* [DATA FOR PROCESSING]:
-- Opening Marker --

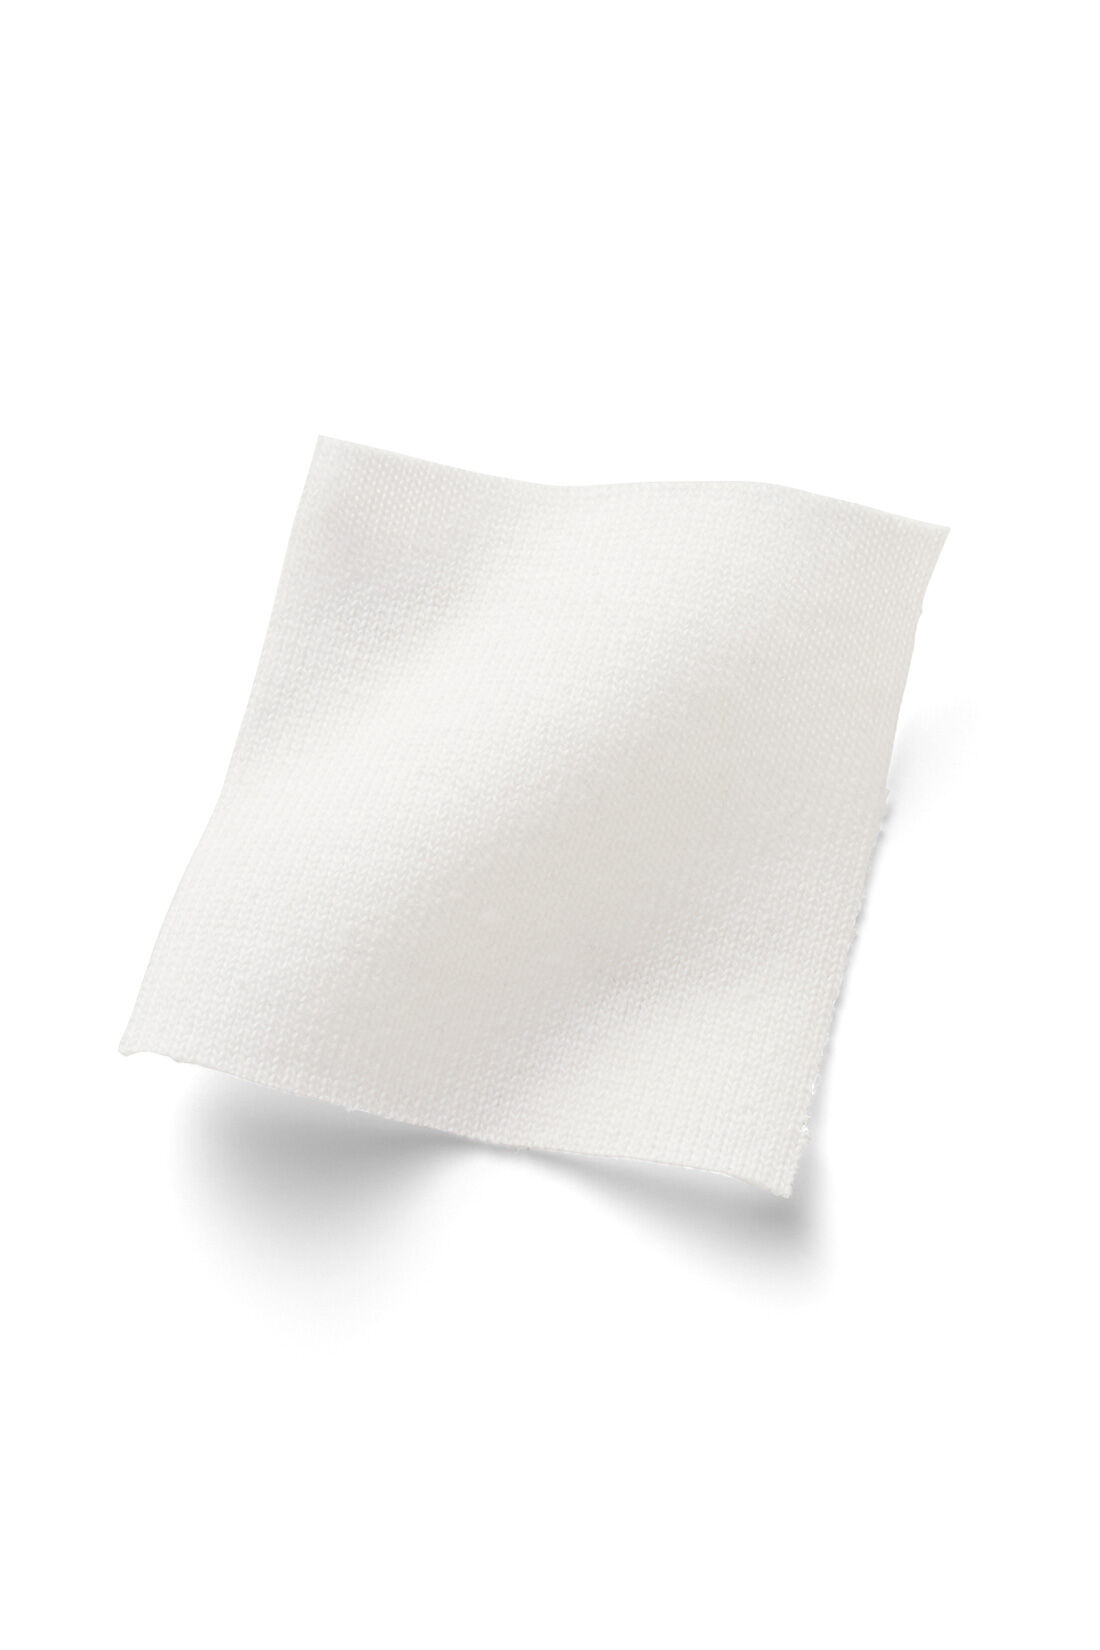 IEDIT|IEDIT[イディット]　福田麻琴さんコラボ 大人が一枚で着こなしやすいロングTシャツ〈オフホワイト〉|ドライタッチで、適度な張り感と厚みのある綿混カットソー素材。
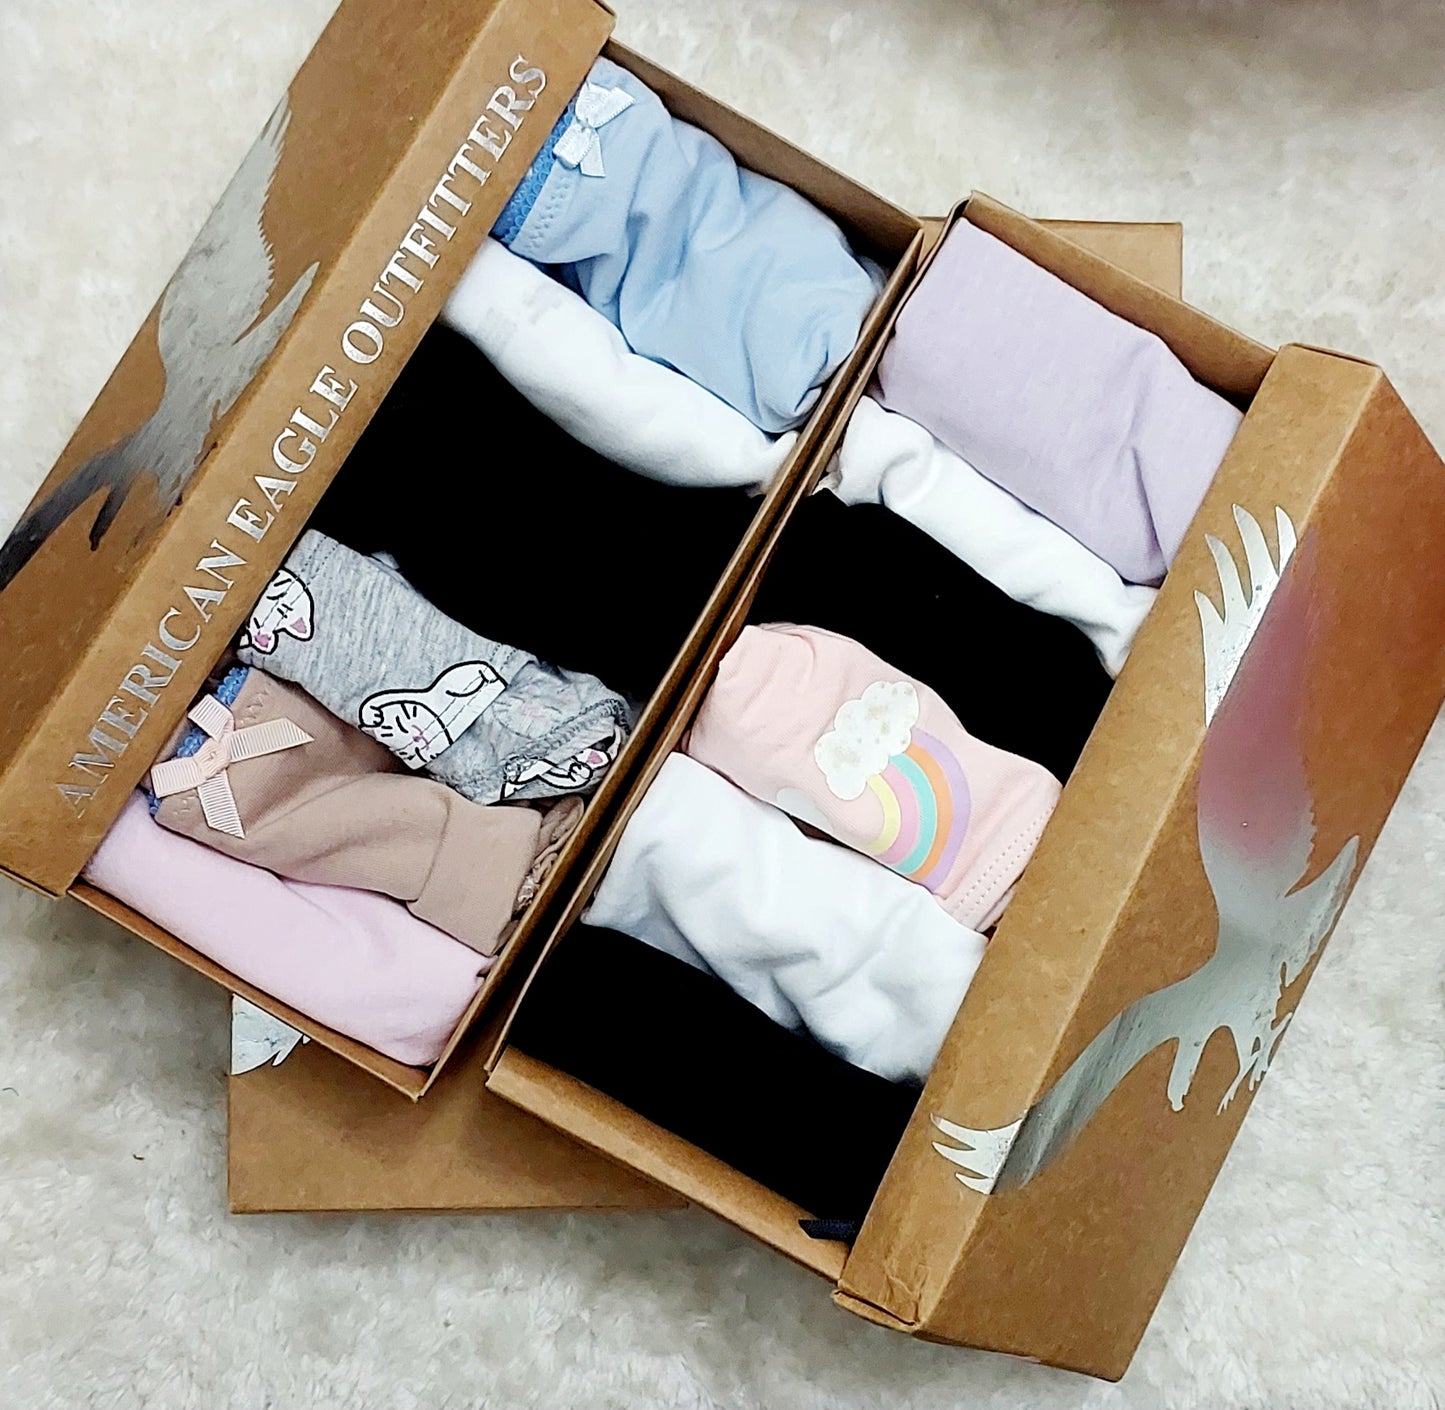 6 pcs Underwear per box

-- Closing Marker --
-- Opening Marker --

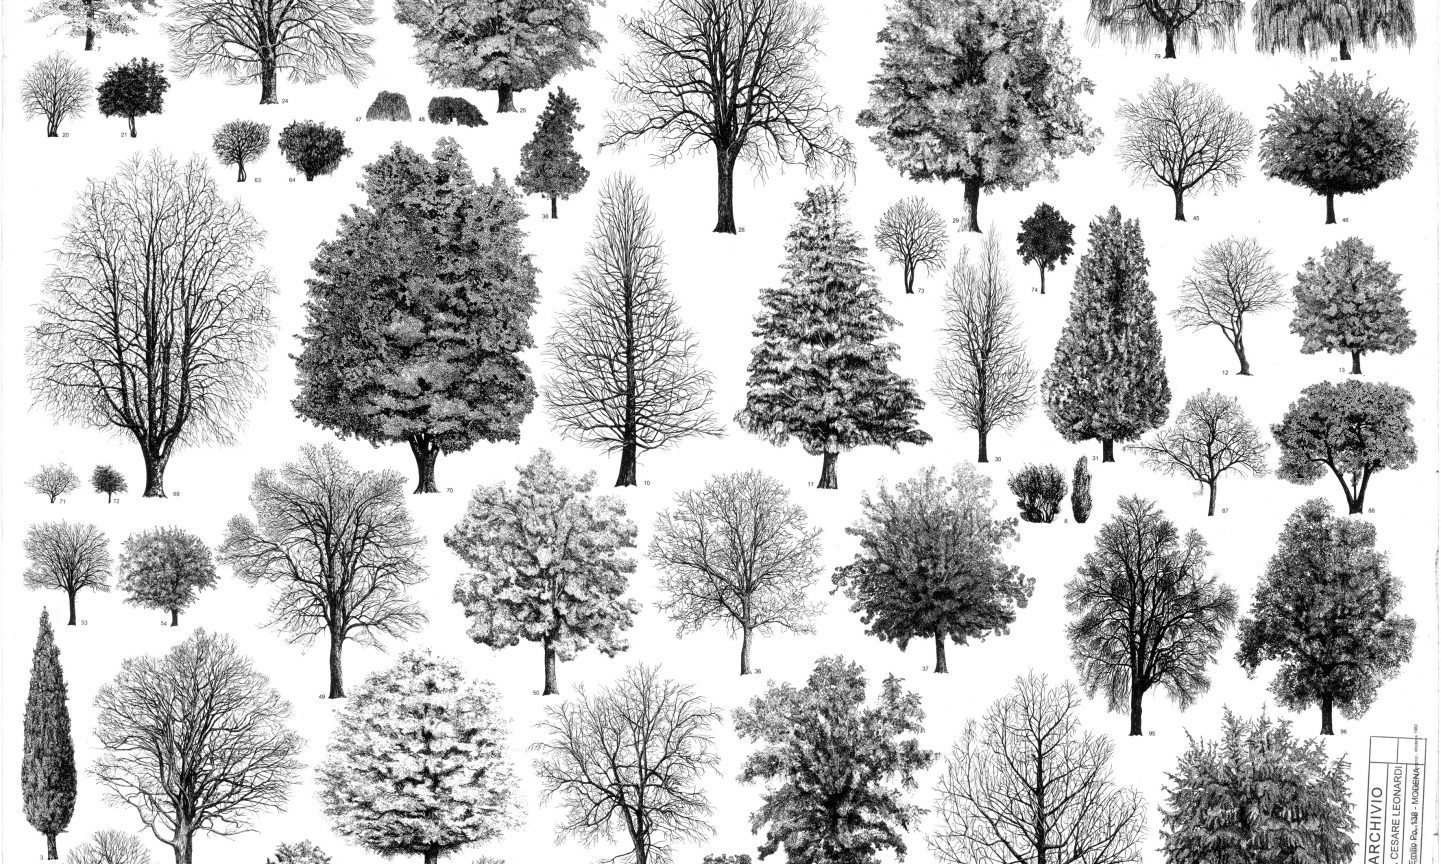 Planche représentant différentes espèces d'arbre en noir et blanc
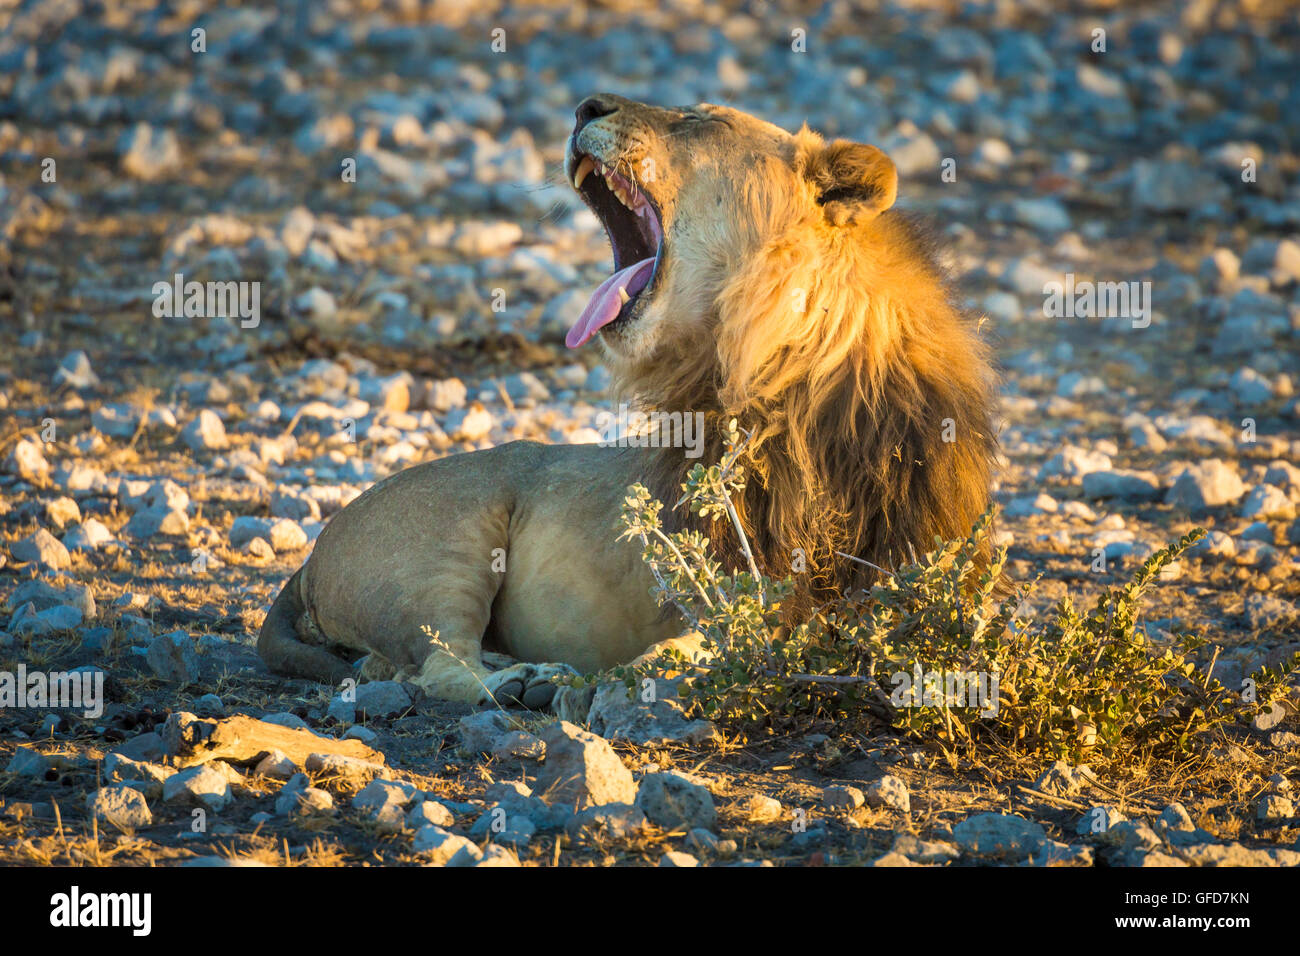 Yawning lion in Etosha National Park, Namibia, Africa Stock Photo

-- Closing Marker --

* [EXERCISE GOAL]: Above, find the line with "Planche représentant différentes"; copy it and every line down to the line with "Yawning lion in", exactly and both included, but no pictures.

* [WORKED SOLUTION]:
 Planche représentant différentes espèces d'arbre en noir et blanc
 Yawning lion in Etosha National Park, Namibia, Africa Stock Photo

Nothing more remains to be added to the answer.